In order to avoid hostility in the aftermath of what she sees as an inevitable no-deal Brexit, Lindis Kipp, who has dual German and British citizenship, is stockpiling.

“I have a stockpile of non-perishable foods, nappies and cat litter, tins of beans, fruit and pasta. It’s not because I think we will run out of food so badly and people are going to starve, but Scotland is at the very end of the supply line in Britain.

“I’m trying to avoid going to the supermarket in the first couple of weeks after a no-deal Brexit when it gets really panicky and people start being horrible to each other.”


As well as revealing tension across national borders, some EU citizens reveal more familiar fault lines in the Brexit debate.

Morena Ianzo, 24, has been in Scotland less than a year and has picked up on the sentiment that the older generation were the driving force behind Brexit.

“The older generation doesn’t have a sense of what’s going on any more,” she says.

“They don’t have to live in this country post-Brexit, because judging by the age that voted yes, they’re not all going to be here in 20 years time, probably.

“So it doesn’t really affect them that much – they voted for a country they’re not going to live in.
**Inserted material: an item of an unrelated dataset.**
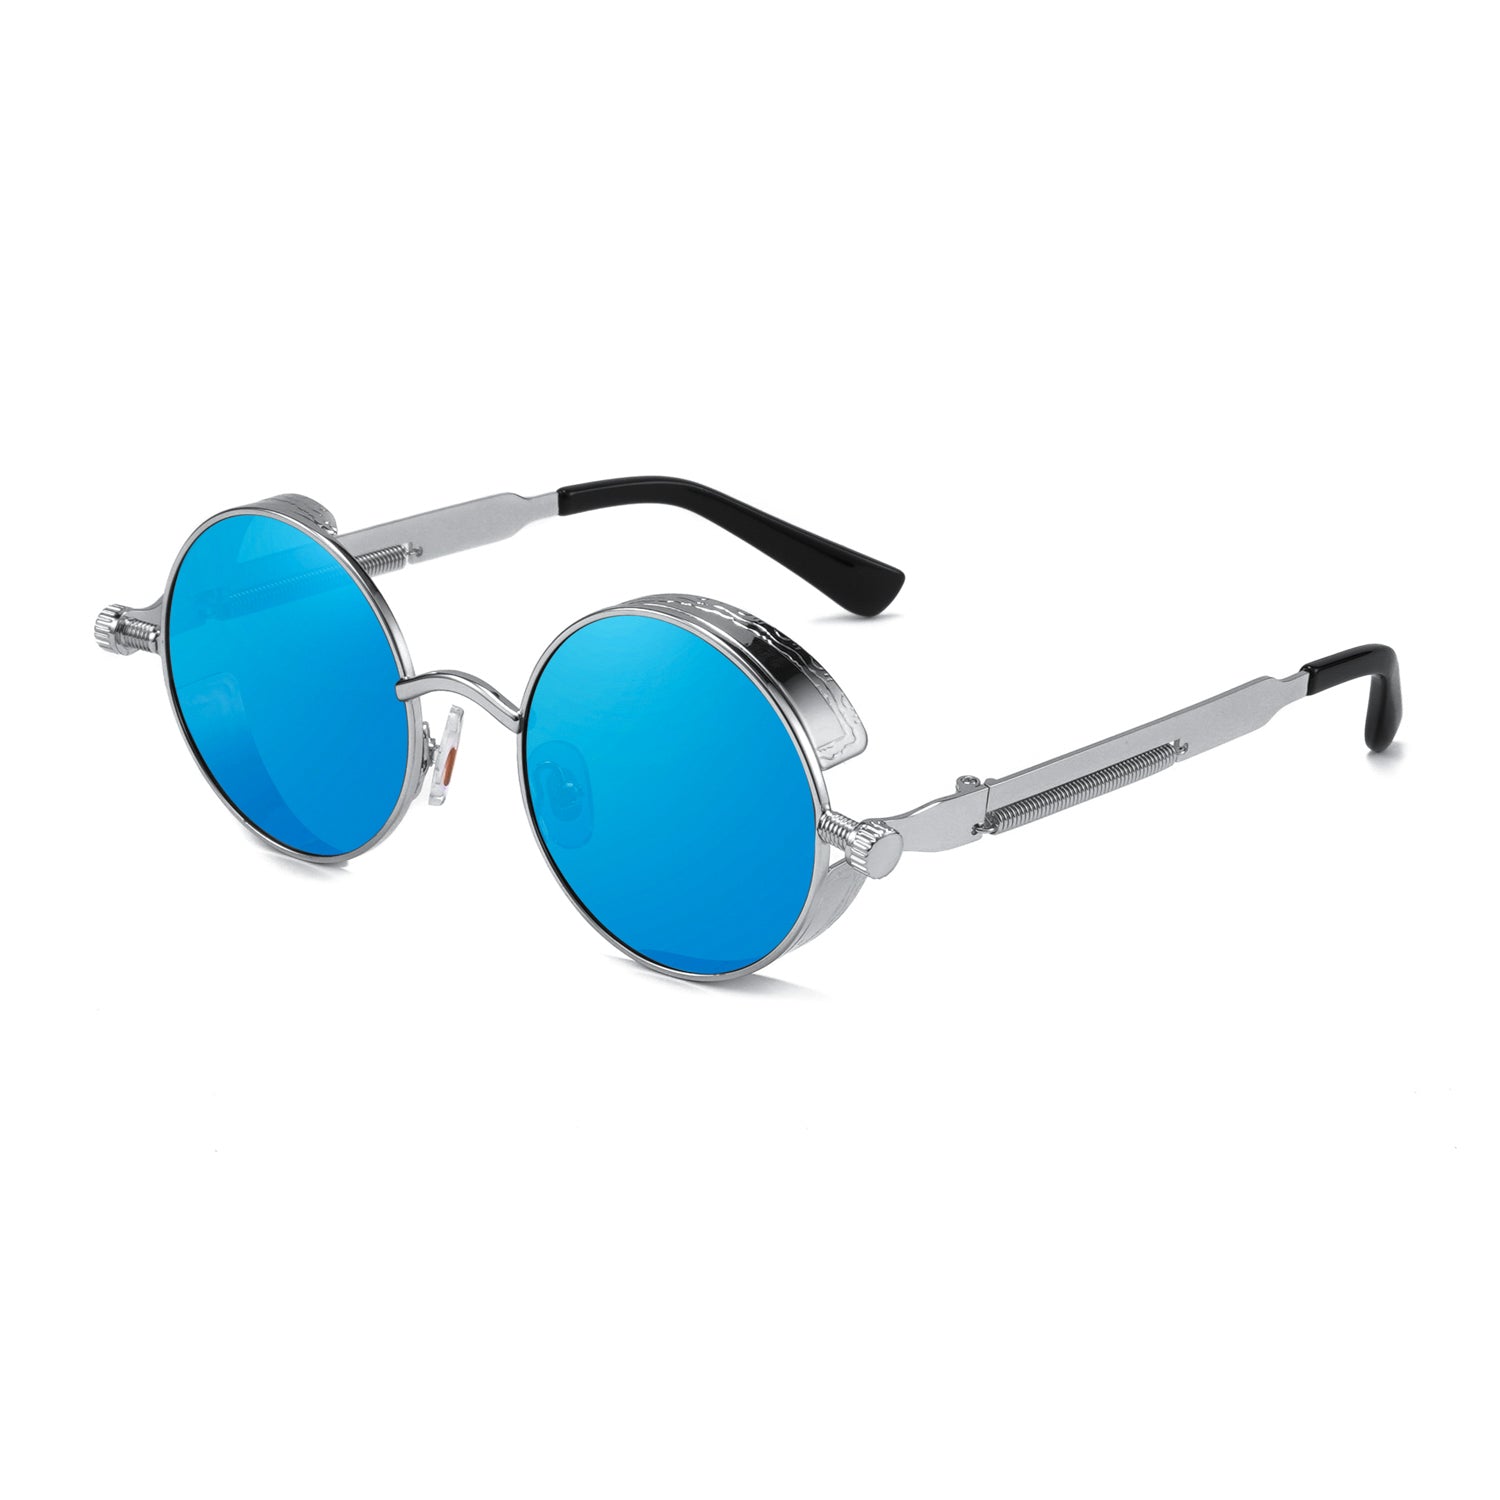 Jacob Steampunk Sunglasses

If it’s a hard Brexit, I think it’s going to be hard living here.”

While Nikolett Barra, a 36-year-old financial administrator from Hungary, feels similar resentment towards those who voted to leave.

“Brexit – a word which I laughed at first and now it just makes me shiver,” he says.

“I fail to understand why anyone in their right mind would head towards this much uncertainty.

“Is power more important than the people?”

He captures the frustration of EU citizens who did not a vote in the referendum but feel tied to its consequences.

“For EU citizens Brexit is like being told to sit in the back of a van which is taking you somewhere you didn’t want to go,” he says.

“Would it be such a terrible thing to apply the brake pedal, stop for a second and admit that the GPS coordinates we entered two years ago were wrong?”

For Wojtek Kutyla, who came over from Poland, the benefits of globalisation are indisputable.

“At the time where our planet is in tatters and our world is breaking apart because of all the wars and conflicts, we have to worth together,” he says.

“Further separation is not going to help – that is my view.

“I’m not a historian or politics expert but I know one thing: moving places and working with different people of different nationalities made me a better person.

“I’m learning from people every day.”